Goldman Sachs said the global economic fallout from the Strait of Hormuz closure was more limited than expected, while also signaling a stable outlook for energy markets.
Walter Bloomberg reported on May 11 that Goldman Sachs Chief Economist Jan Hatzius estimated the roughly 10-week closure of the Strait of Hormuz had a smaller-than-expected impact on the global economy.
High crude inventories and expectations for policy support kept oil prices from surging as much as feared, he said.
Hatzius added that changes in demand, including broader use of renewable energy and less travel, also partly eased fuel shortages.

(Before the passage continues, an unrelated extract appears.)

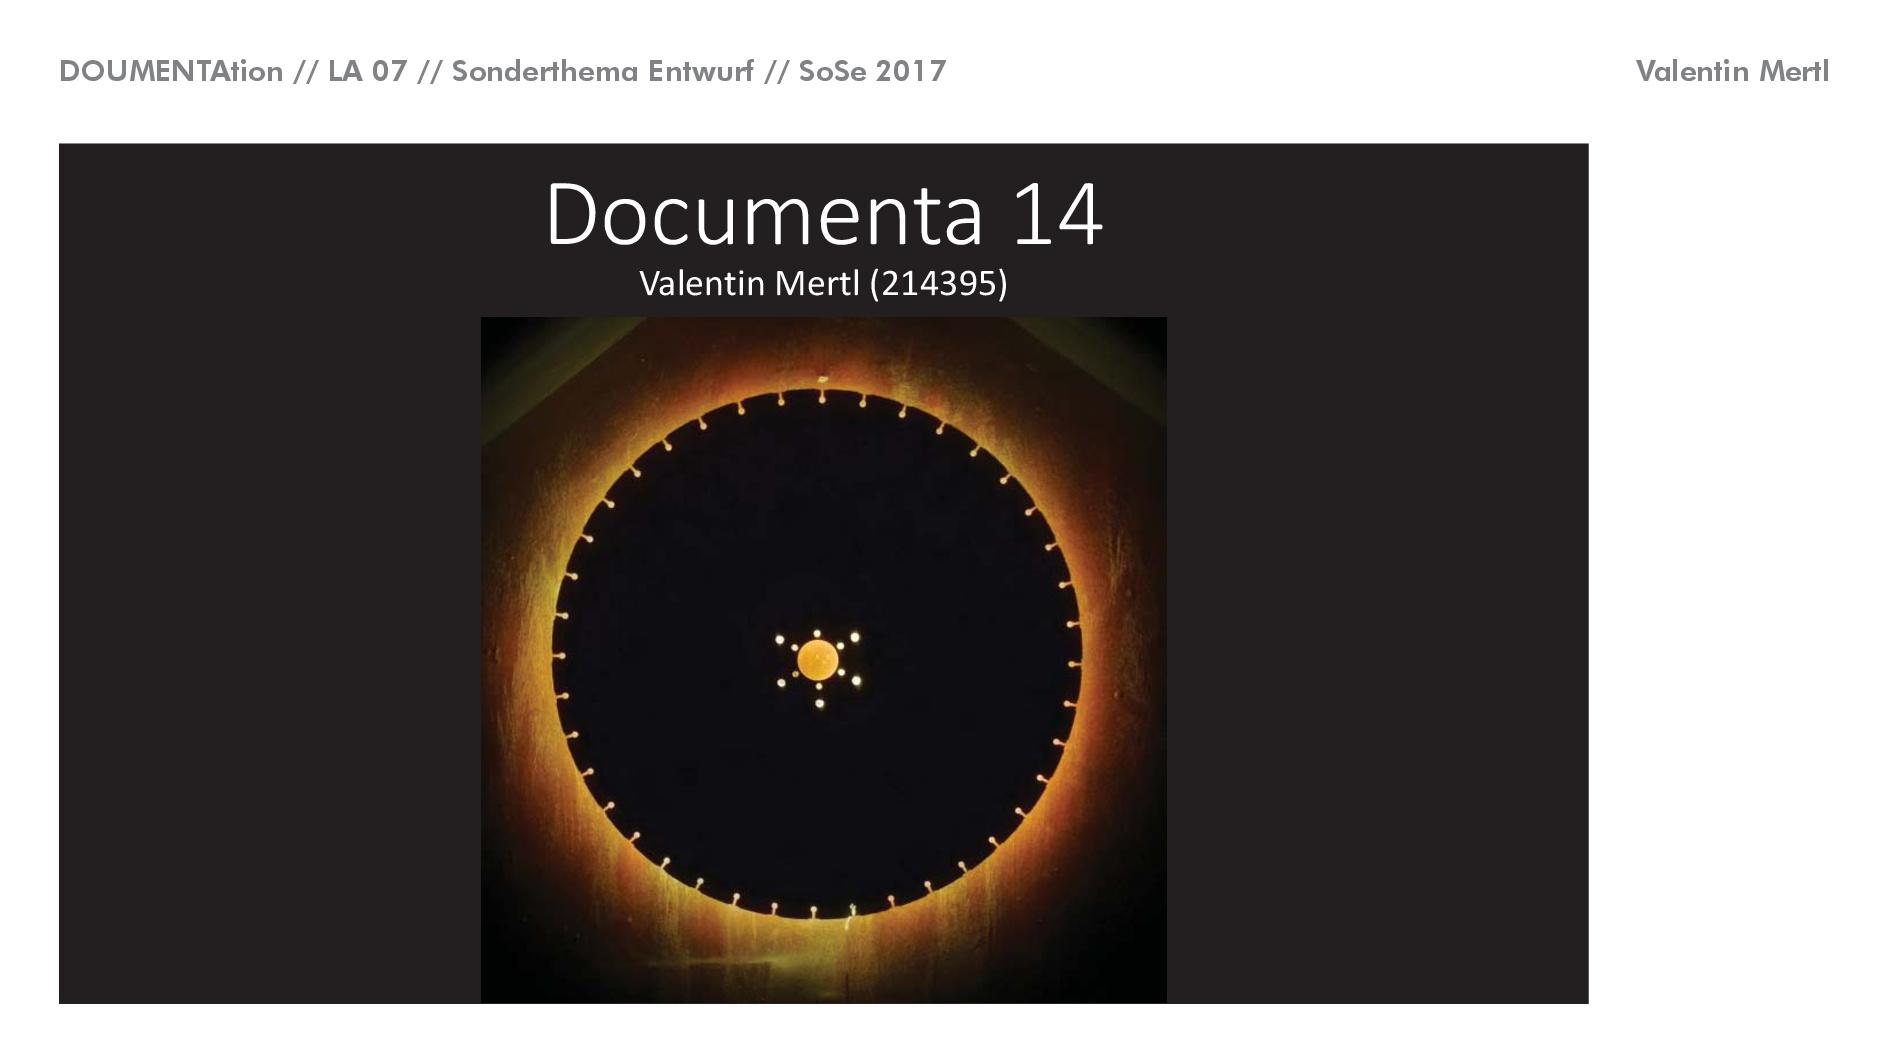 NEU Sonderthema Entwerfen SoSe 17 012

Goldman Sachs also said aggressive fiscal support, increased investment in artificial intelligence and accommodative financial conditions helped absorb the economic shock.
Assuming a gradual normalization of traffic through the strait, the bank expects Brent crude to ease to about $90 a barrel by year-end.
Still, Goldman Sachs said the possibility of a U.S. recession remains.
The bank put the probability of a U.S. recession at 25%, slightly lower than before, while citing weaker consumer spending power, higher energy costs, slower wage growth and low savings rates as risk factors.
Markets are watching the pace of normalization in the Strait of Hormuz and the direction of oil prices for clues on the global economic outlook.